▸ **Exercise prompt**
For the data that follows, print the line with "Calvin Klein Woman's Shoulder Bag", the line with "Mobile terminal apparatus and display method", and all lines between them, exactly as they stand. Omit pictures and add nothing.
*** Data records Section Begins ***
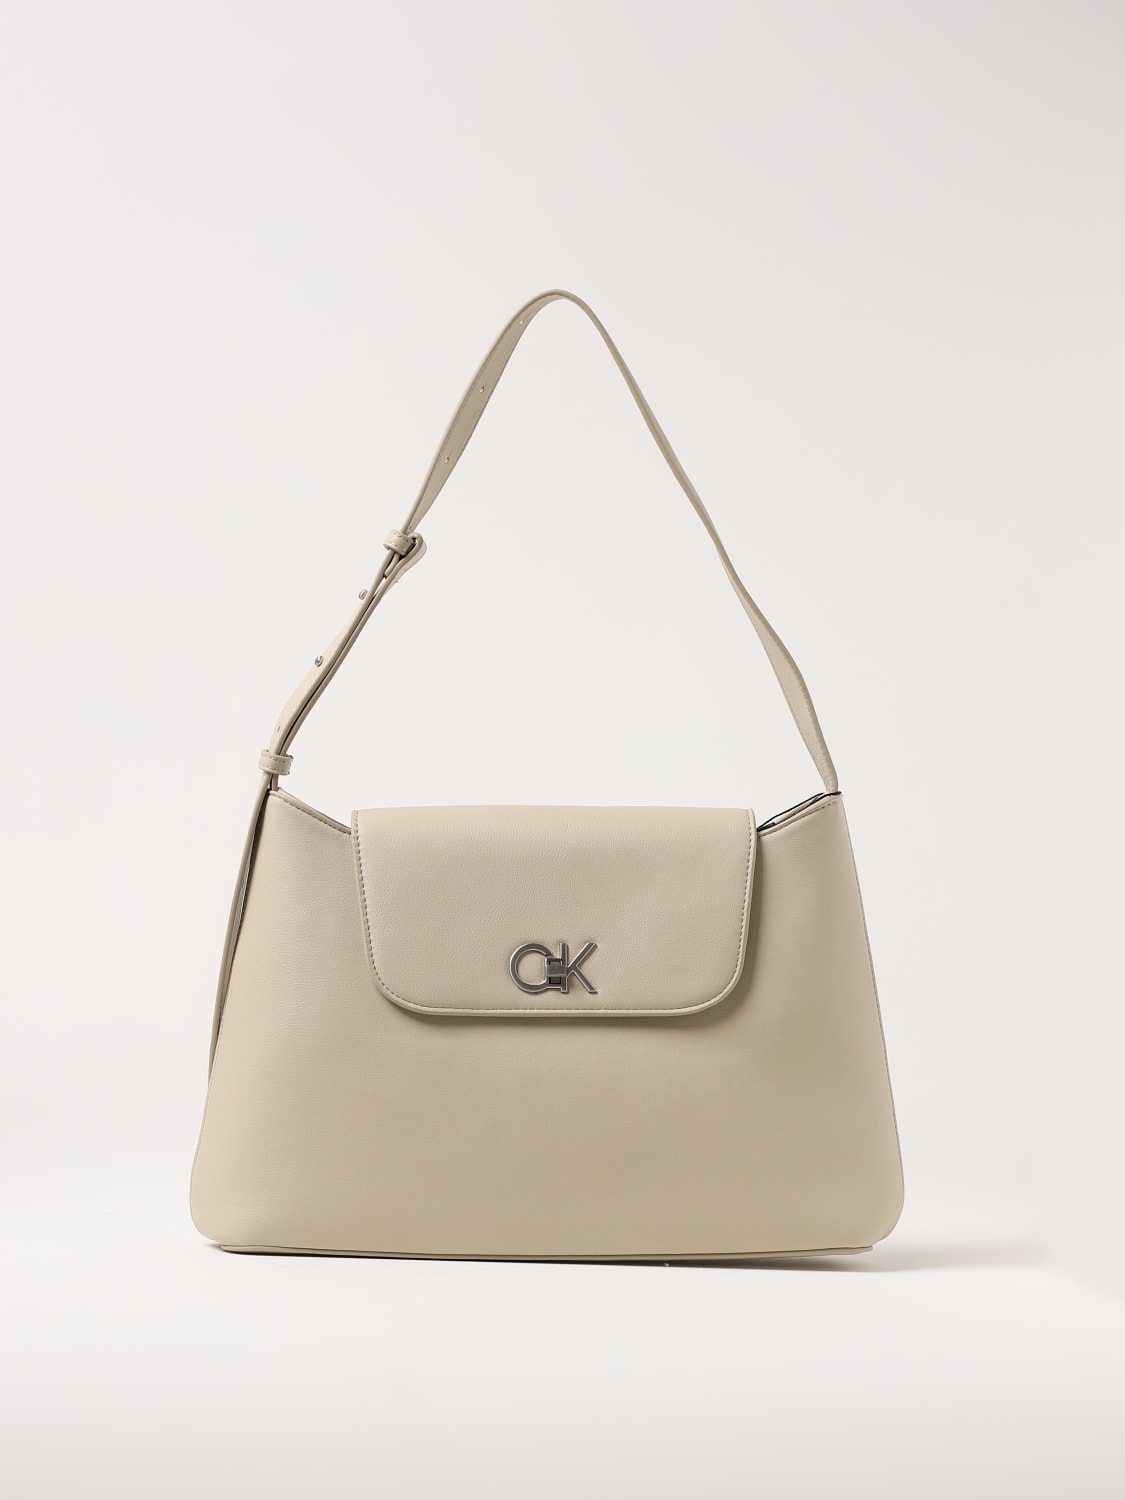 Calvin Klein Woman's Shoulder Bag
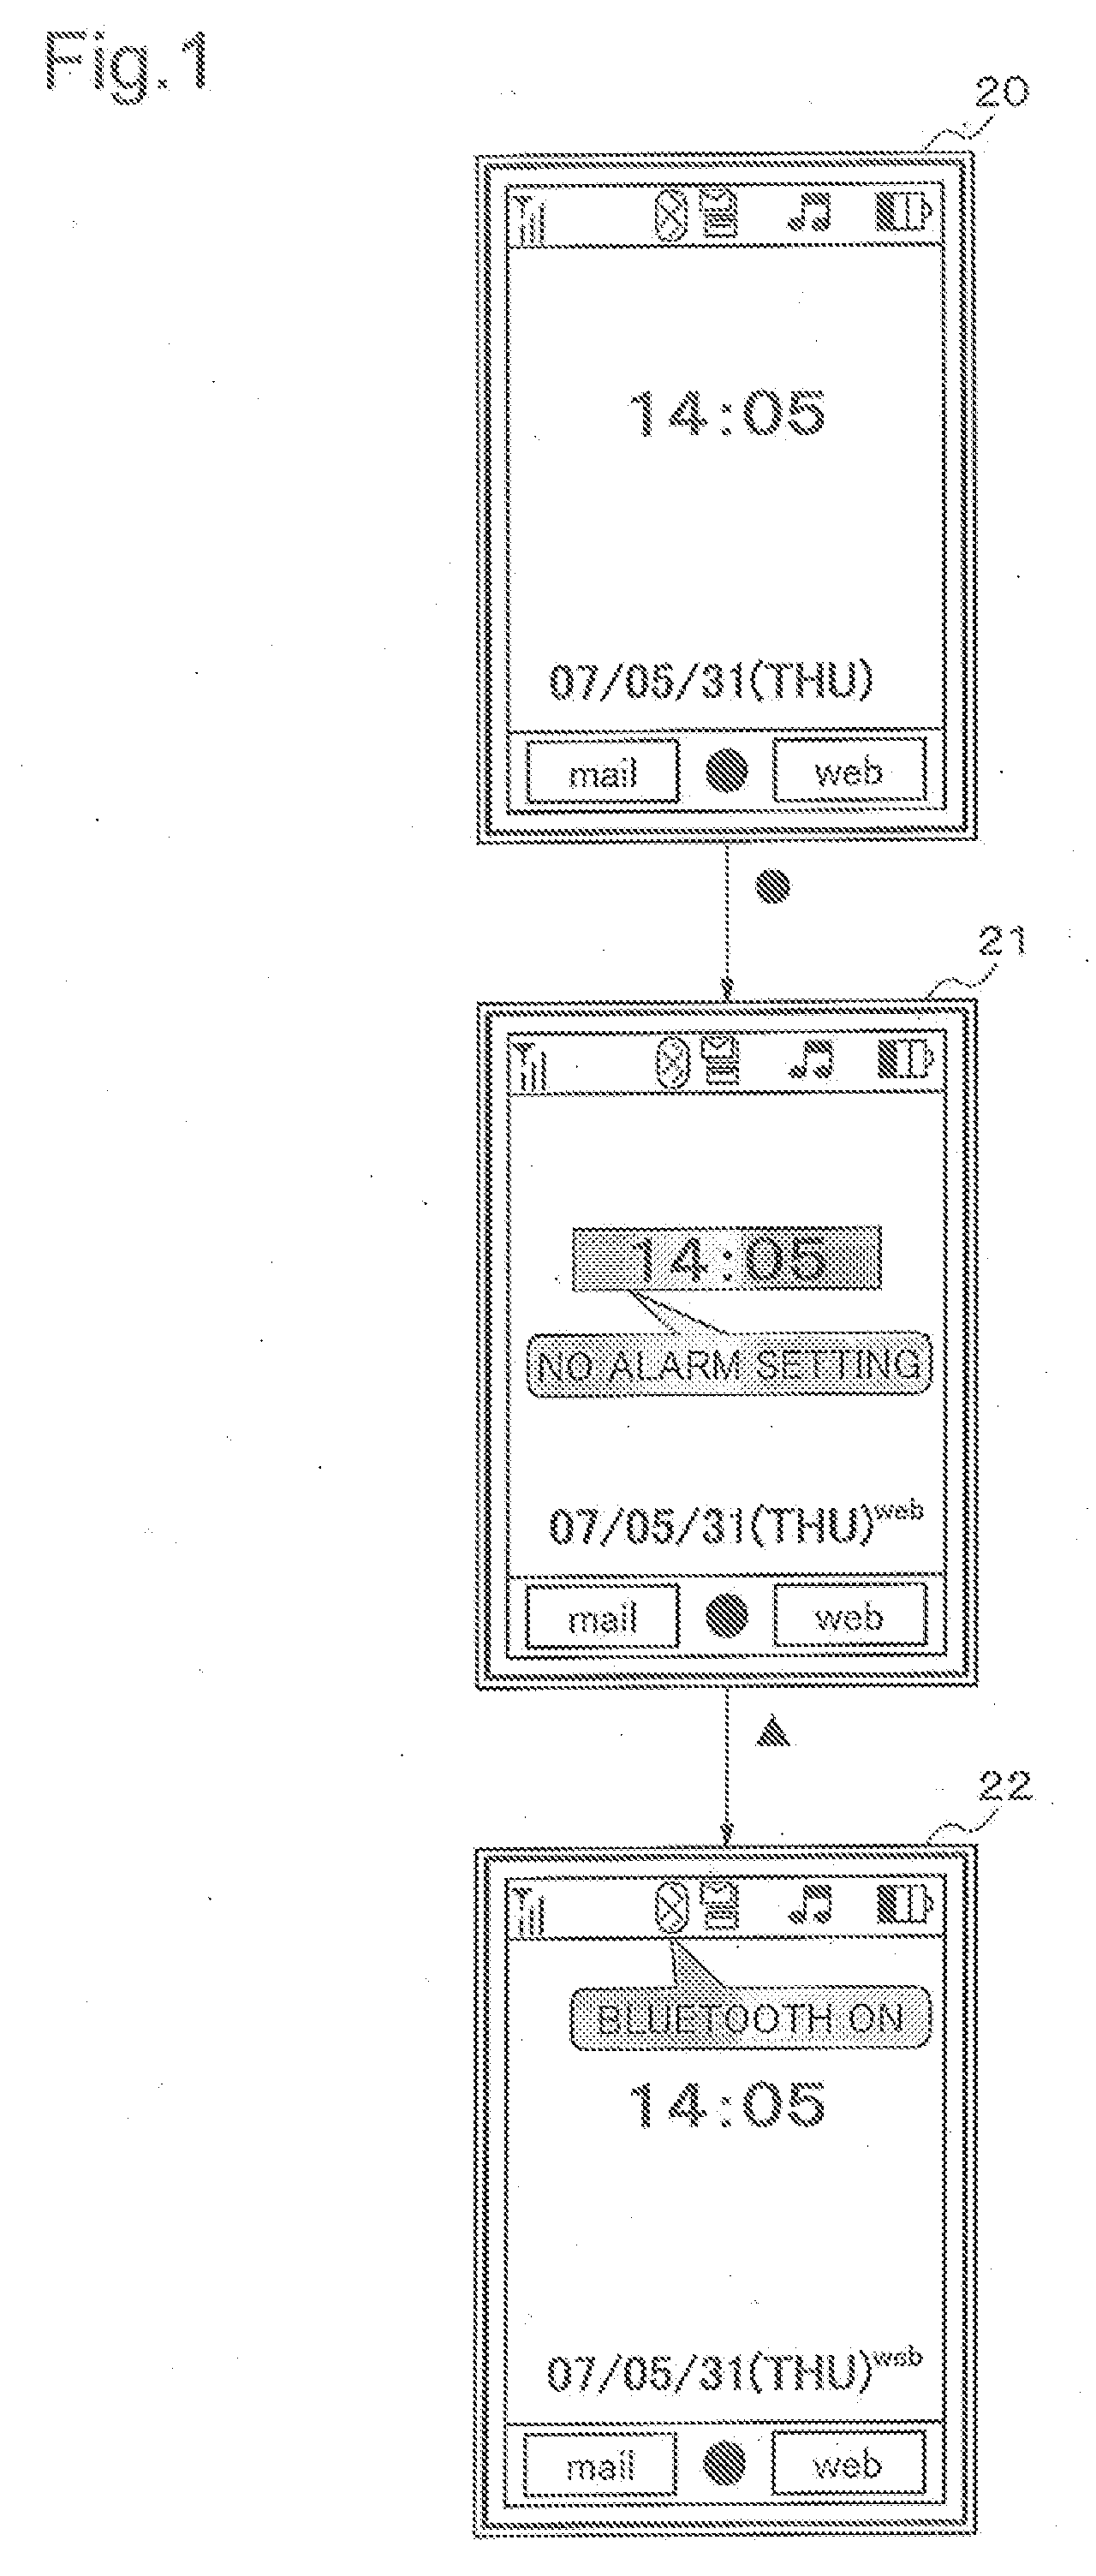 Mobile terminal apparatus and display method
*** Data records Section Ends ***
*** Data records Section Begins ***
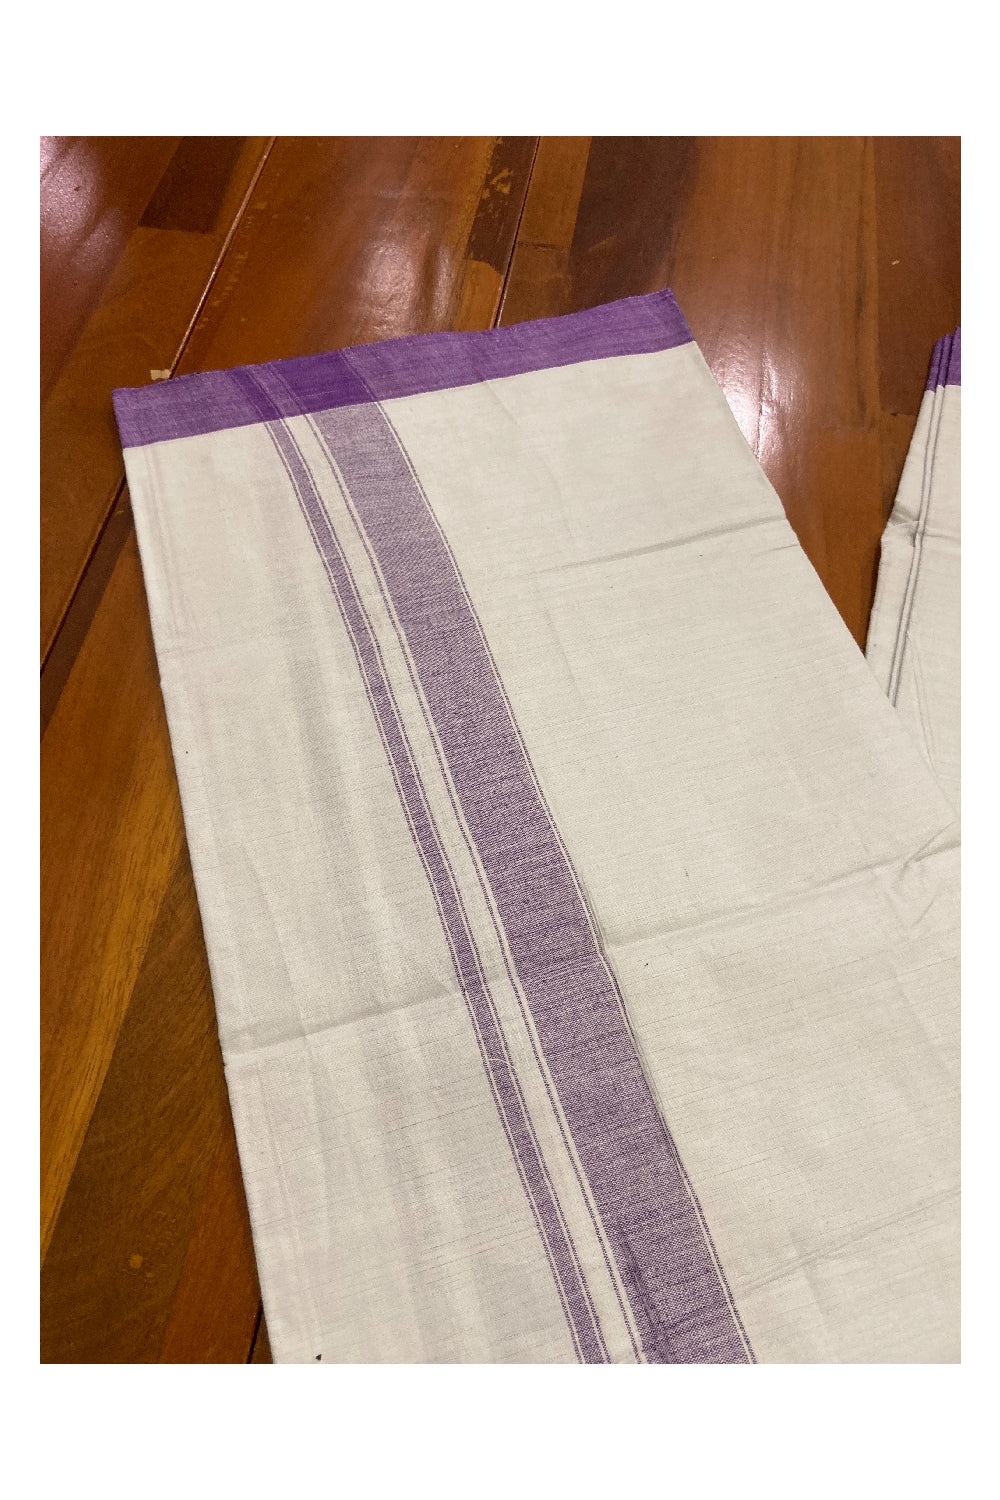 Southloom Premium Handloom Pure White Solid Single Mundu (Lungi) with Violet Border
*** Data records Section Ends ***
▸ **Finished exercise**
 Calvin Klein Woman's Shoulder Bag
 Mobile terminal apparatus and display method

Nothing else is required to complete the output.